USF's Nevins showed toughness, focus early on
TAMPA -- Ball in hand, batter staring her down, Sara Nevins was supremely confident in the pitcher's circle, unflappable in her focus, oblivious to everything around her.
And she was only 9 years old.
"She's always been that way," said Tommy Fabian, who worked with USF softball's ace pitcher as a personal coach from age nine until she was 14. "She doesn't get agitated. She's very calm all the time. Nothing bothers the girl. And yet, when she first started pitching, she wasn't real coordinated. She's come a long way. She's probably worked as hard as anybody you could think of to be what she is."

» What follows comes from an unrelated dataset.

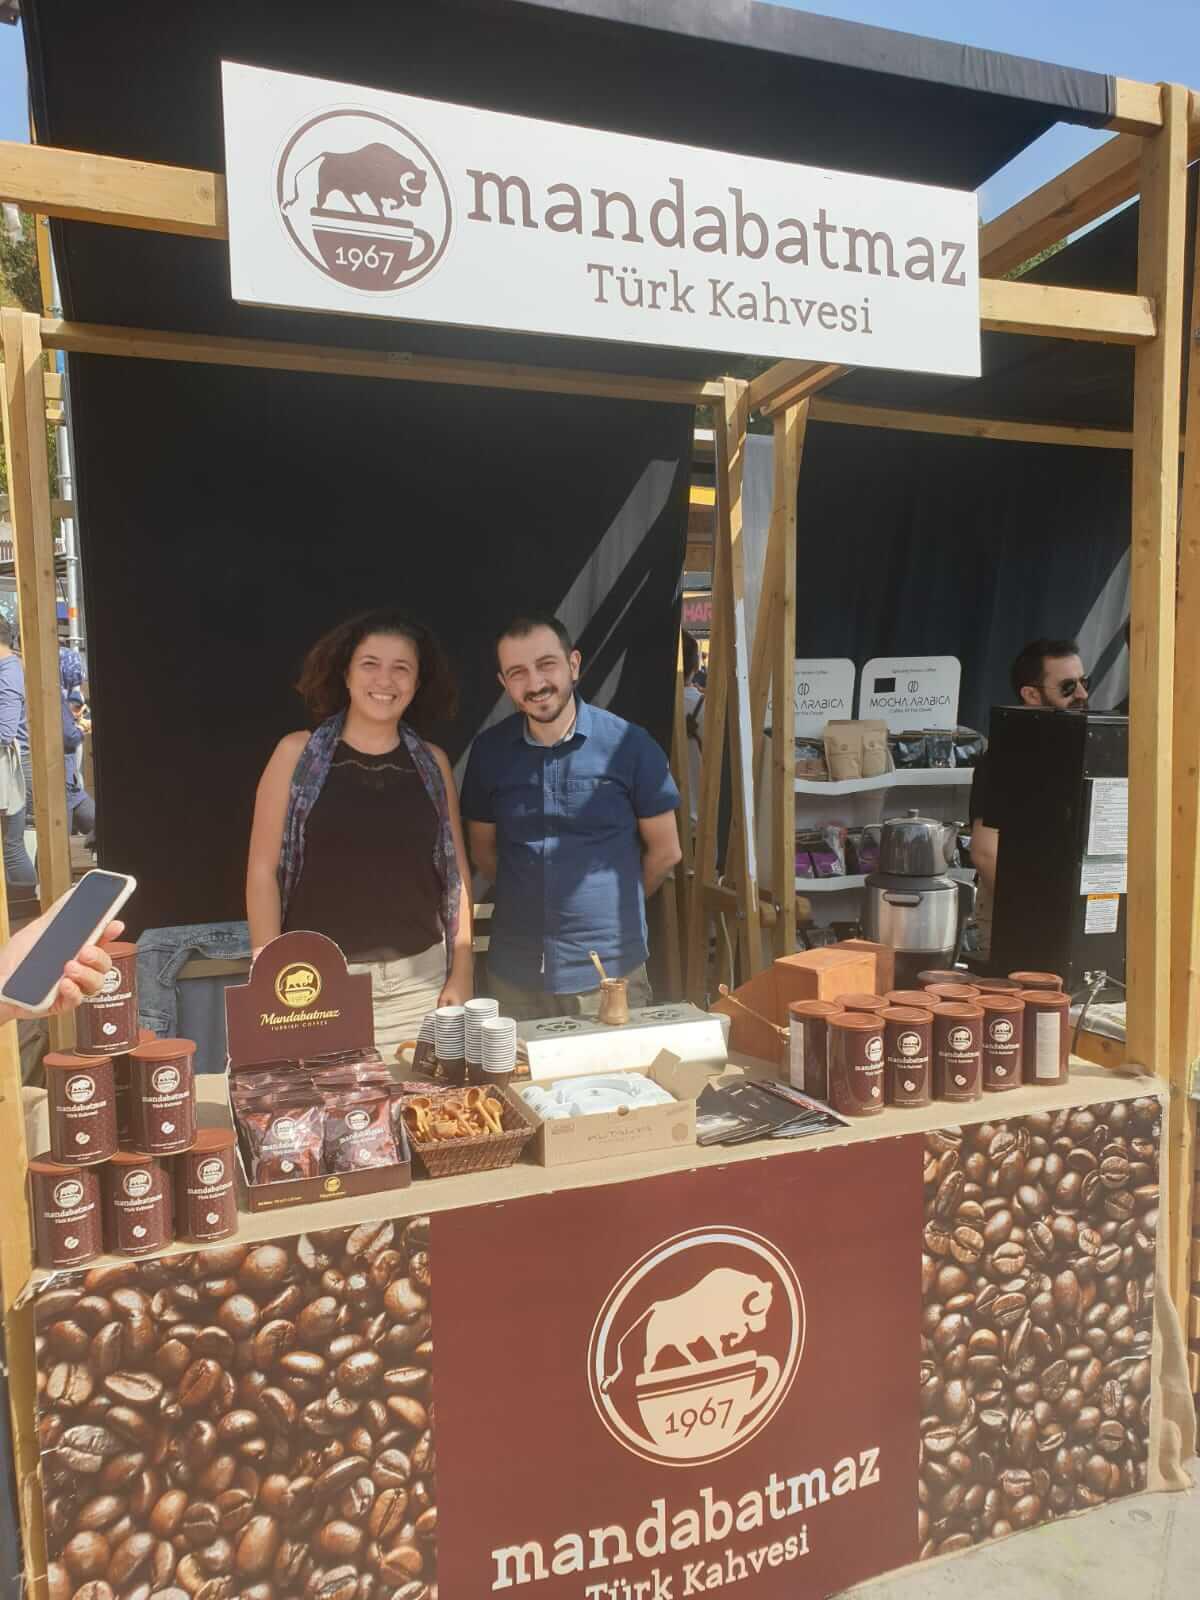 Mandabatmaz, Köpüğüyle Ünlü Türk Kahvesiyle Festivalde

Nevins is now 20, and has led USF to its first-ever College World Series, starting Thursday afternoon against Oklahoma in Oklahoma City. She ranks among the national leaders in ERA, strikeouts and victories, and if there's an air of invincibility to the 6-foot sophomore, just ask her about the time she fell off the back of a teammate's car on the way to practice, broke four bones in her skull, spent a week in the hospital with a concussion. Doctors initially told her she could be out three months; she pitched two weeks later.
"It was dumb, but I learned my lesson," Nevins said of the 2007 accident during her freshman year at Pinellas Park, one of the few things that has been able to take her away from the sport she loves.
Joe Nevins remembers bringing his daughter home from the hospital, only to have her insist on being at practice that very day, even knowing she couldn't participate. Her coach wouldn't let her dress for a game until she brought written consent from her doctor, which she promptly brought back in time for a key game against rival Countryside. Another time, a coach noticed a slight limp as Nevins rounded third base in a game, only to find out she'd been playing with fractured toe -- on her plant foot -- again unwilling to let anything, even a serious injury, keep her from playing.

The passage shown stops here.